What has driven performance in 2QFY11?
  • Company’s topline grew by a modest 3% YoY during the quarter. The growth was a consequence of a slow off take from the company’s clients. However, the company has expressed confidence that the growth is going to be better in the coming quarters. This is in view of the increased rig count and also greater E&P activities. Besides, domestic market conditions, more particularly the boiler sector, have also improved. The company is now putting up an intensive and aggressive marketing approach by penetrating the domestic as well as international market to increase its market presence.

    Cost break-up…
    (Rs m) 2QFY10 2QFY11 Change 1HFY10 1HFY11 Change
    Raw materials 2,396 2,627 9.6% 4,945 5,006 1.2%
    % sales 58.4% 62.1%   59.4% 60.6%  
    Staff cost 70 71 2.3% 126 135 7.0%
    % sales 1.7% 1.7%   1.5% 1.6%  
    Manufacturing expenses 478 431 -9.9% 965 993 2.9%
    % sales 11.6% 10.2%   11.6% 12.0%  
    Other expenditure 87 67 -22.2% 219 116 -46.9%
    % sales 2.1% 1.6%   2.6% 1.4%  

  • As far as margins are concerned, the same came in lower by around 170 basis points during the quarter. This was mainly on account of higher raw material costs, which moved up by 10% YoY on an absolute basis and by 3.7% as a percentage of sales. Higher raw material costs seemed a consequence of an increase in steel prices that the company was not able to fully pass on. Meanwhile, all the other cost heads grew at a lower rate than the topline and hence, prevented the margins from falling further.

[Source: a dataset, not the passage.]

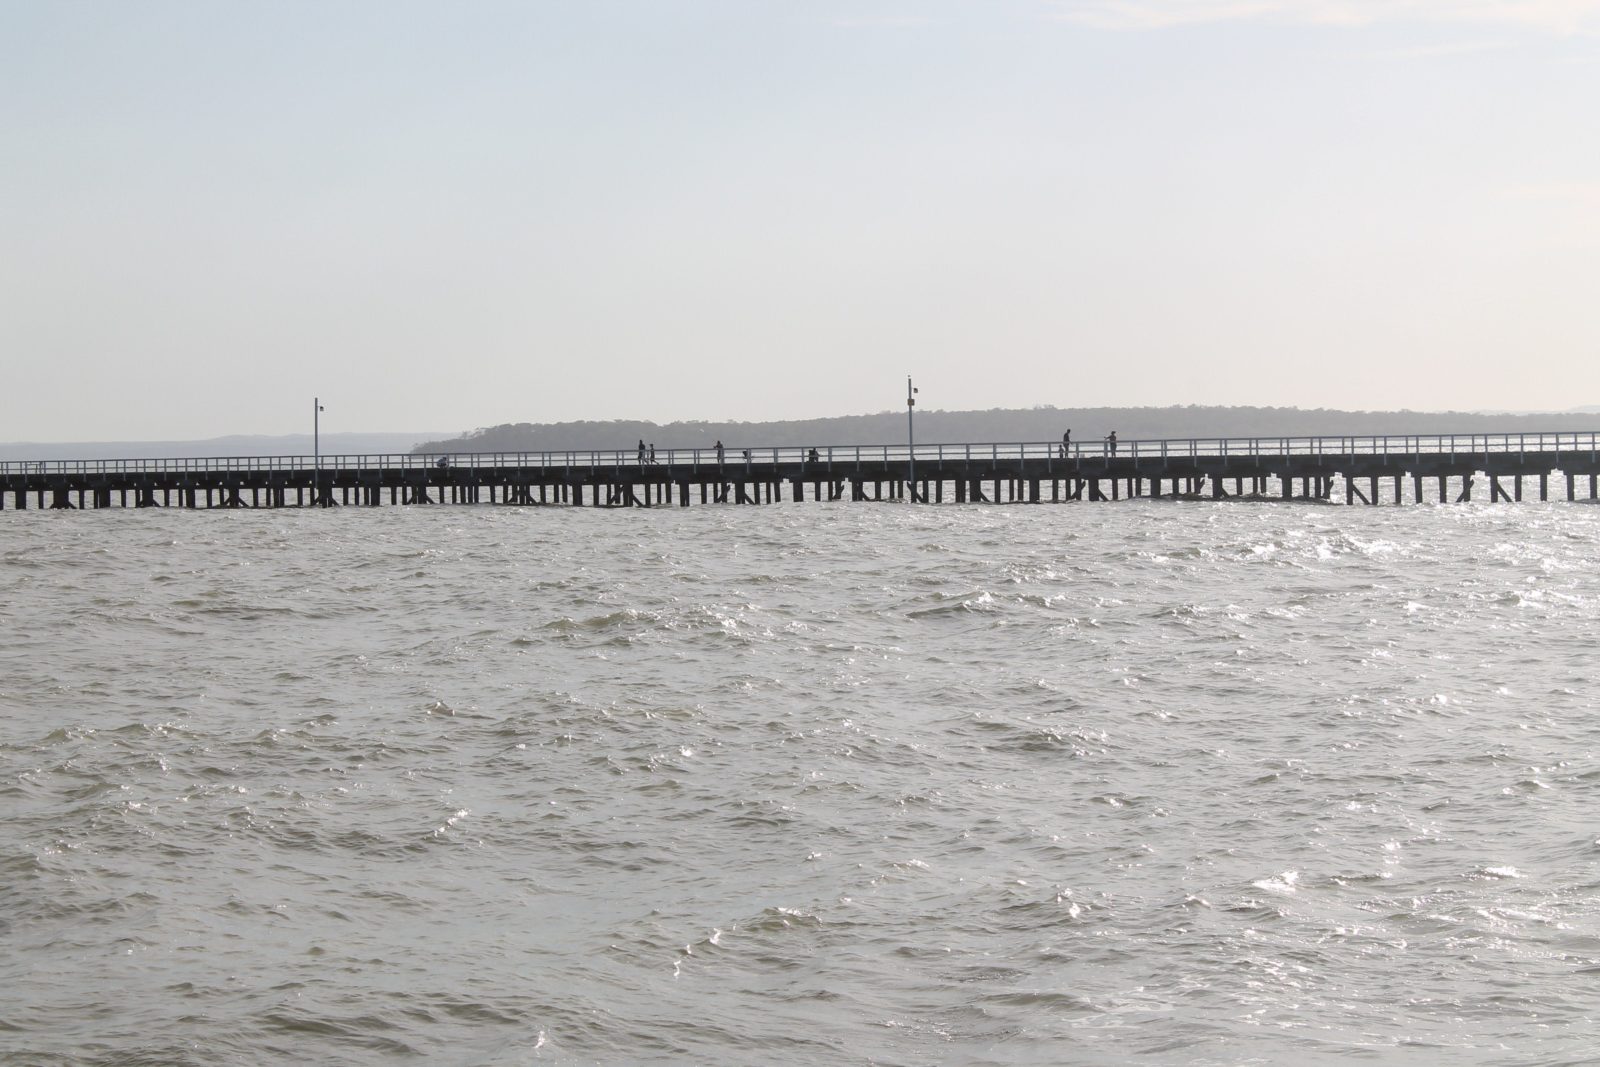 Summer or winter, the pier is always a great walking spot

  • Growth in PBT has come in at 4% YoY, driven mainly by a huge 134% jump in other income, which in turn was a consequence of the company offloading some mutual fund investments. Lower depreciation and interest costs have also helped. Furthermore, thanks to lower effective tax rate, there has been a further improvement in profitability with PAT growth coming in at nearly 13% YoY.

What to expect?
At the current price of Rs 428, the stock trades at around 8 times its expected FY13 earnings per share. We remain positive on the stock from a medium term perspective.